This comment fixed it for me!

I ran sudo nfsd update, restarted my system and ran trellis up again. I’m back to the process failing at [wordpress-install : Install Dependencies with Composer] but it didn’t exit directly afterward. There’s this output

RUNNING HANDLER [common : restart memcached] ***********************************
changed: [default]

RUNNING HANDLER [common : reload php-fpm] **************************************
changed: [default]

RUNNING HANDLER [common : restart journald] ************************************
changed: [default]

RUNNING HANDLER [common : reload nginx] ****************************************
changed: [default]

RUNNING HANDLER [common : perform nginx reload] ********************************
changed: [default]

RUNNING HANDLER [fail2ban : restart fail2ban] **********************************
changed: [default]

RUNNING HANDLER [ferm : restart ferm] ******************************************
skipping: [default]

RUNNING HANDLER [ntp : restart ntp] ********************************************
changed: [default]

RUNNING HANDLER [ntp : restart cron] *******************************************
skipping: [default]

RUNNING HANDLER [sshd : restart ssh] *******************************************
changed: [default]

RUNNING HANDLER [mariadb : restart mysql server] *******************************
changed: [default]

Thank you @Twansparant. I am trying that update now.

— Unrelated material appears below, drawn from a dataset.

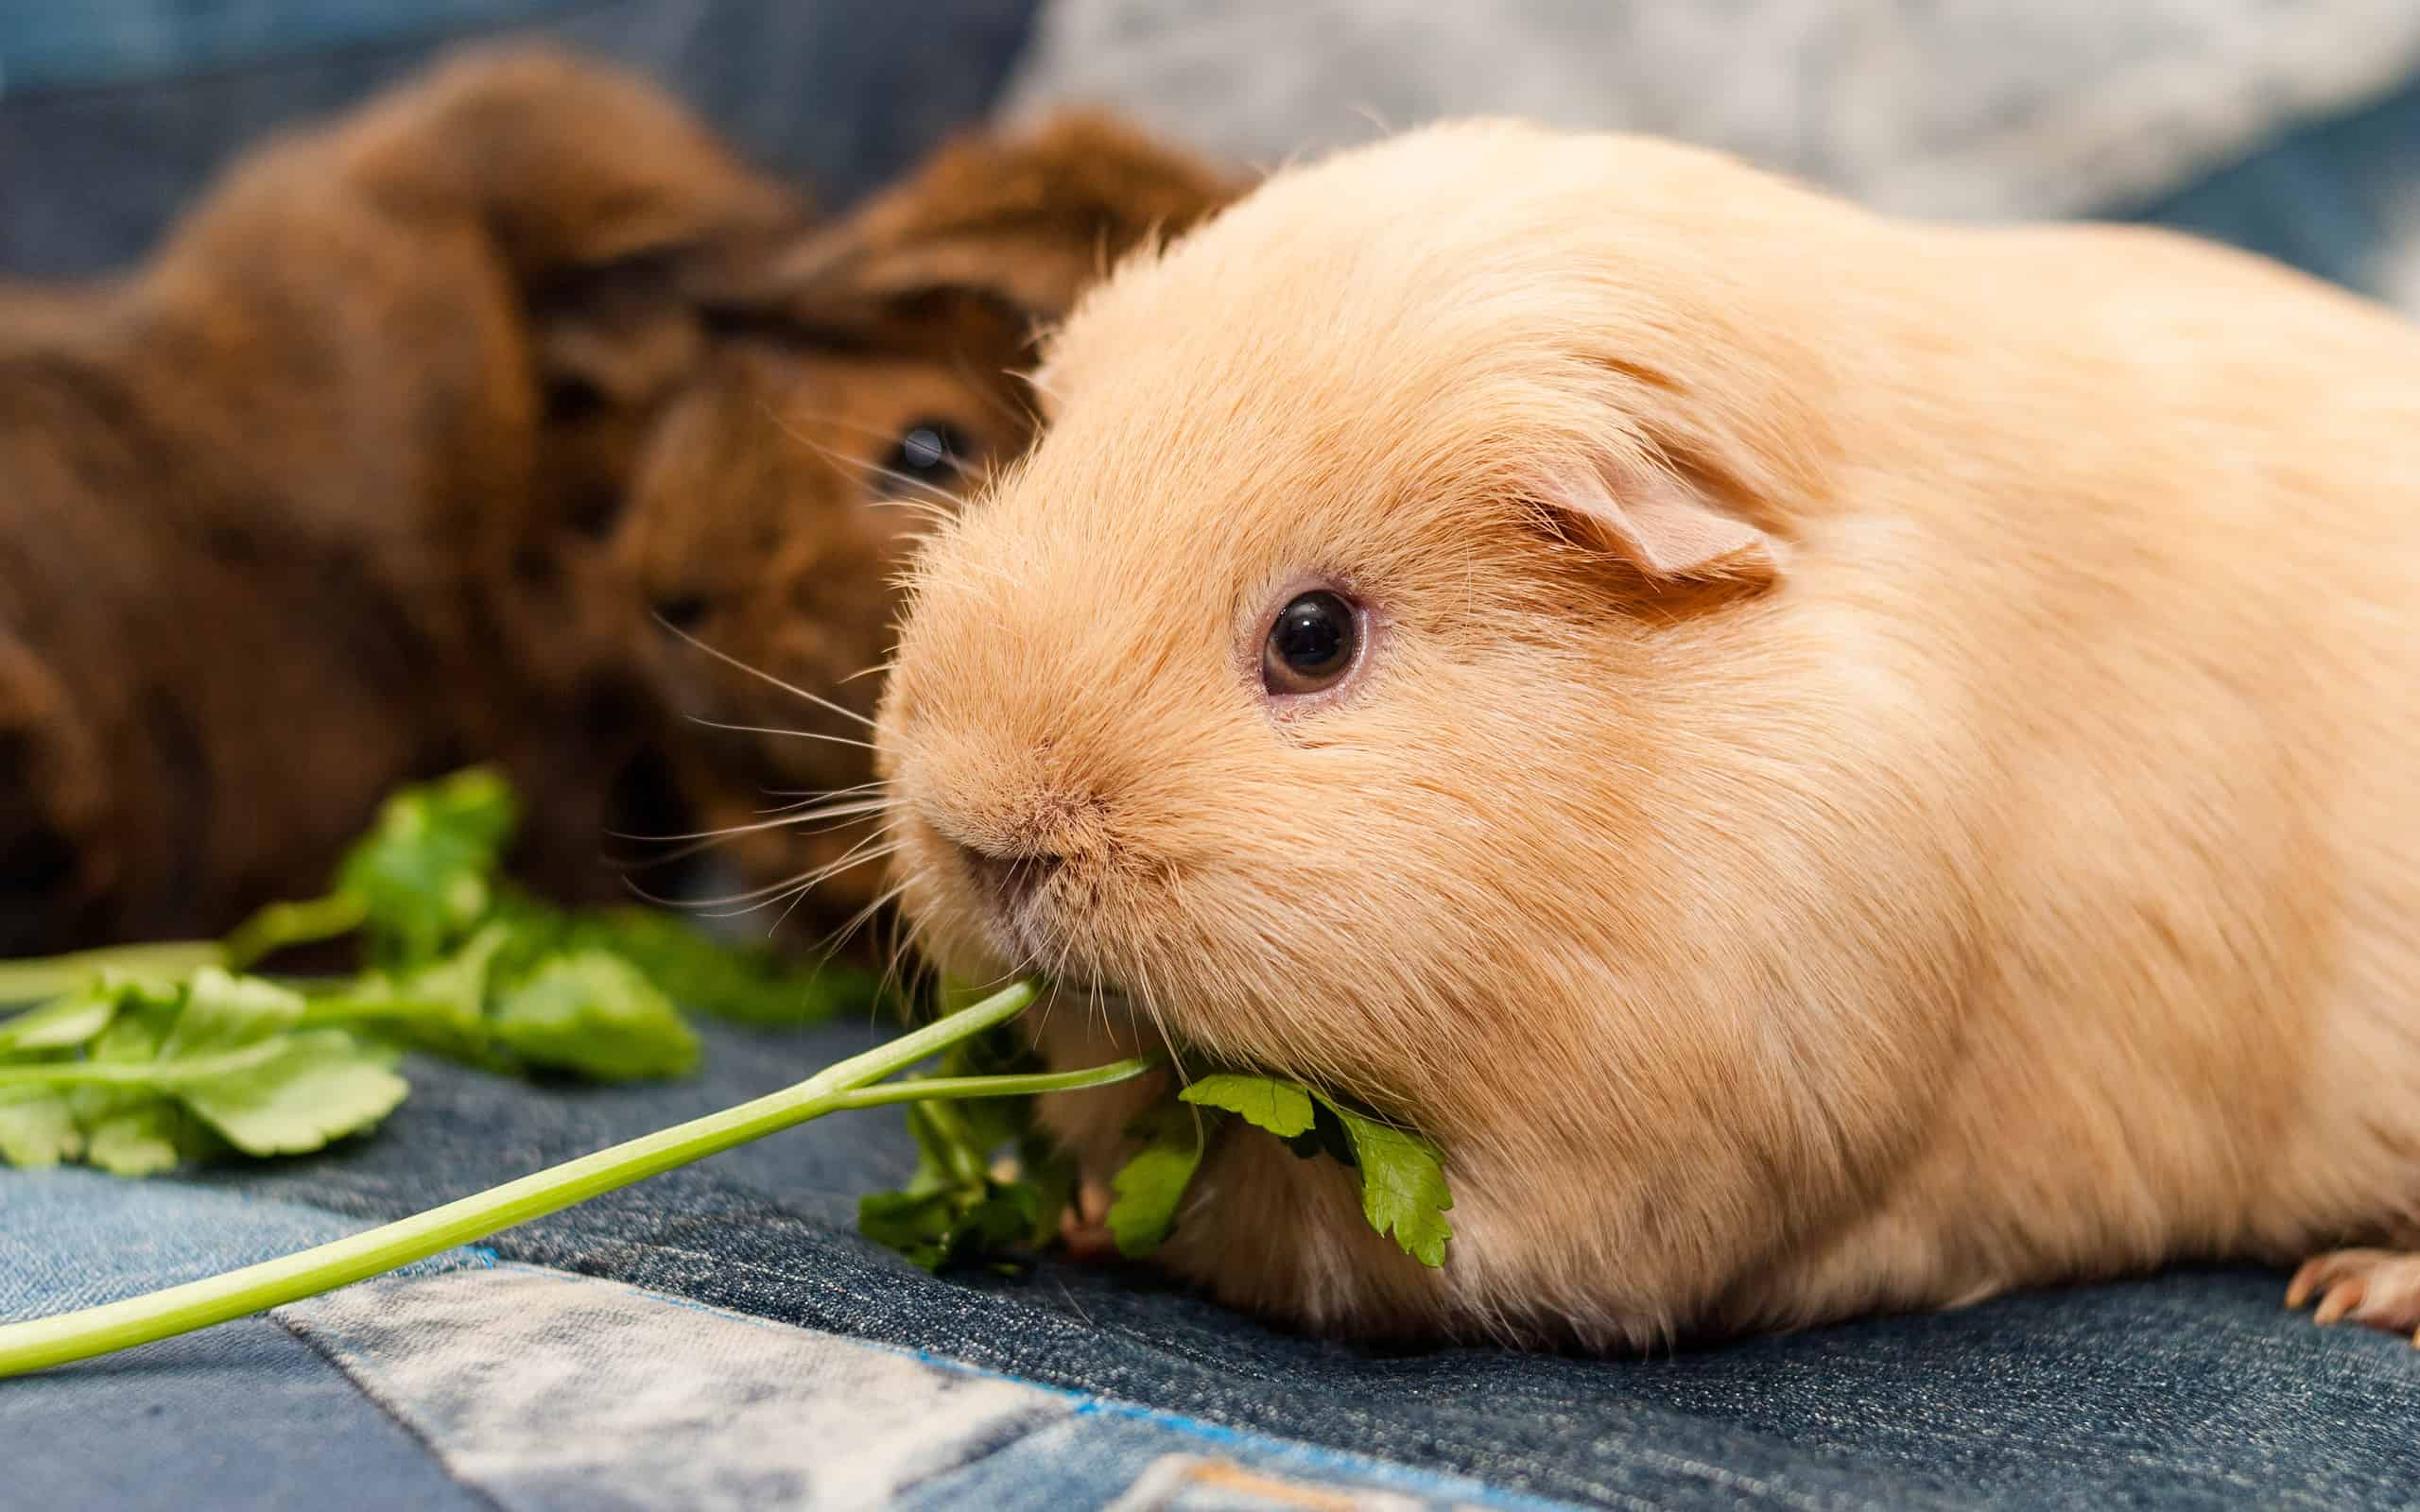 Self guinea pig eats parsley while looking at camera

Ok, I just accomplished a complete provision of the local development environment with Trellis. I updated the following system permissions on my macOS Sonoma MacBook:

  • Gave full disc access to the nfsd executable - referenced this Stack Overflow post - thank you @ben for the link
  • Updated the exports file by running sudo nfsd update - referenced here
  • then updated the vagrant.default.yml file - referenced here

Thank you @ben, MWDelaney, and @Twansparant for your prompt and on point responses. You are all awesome!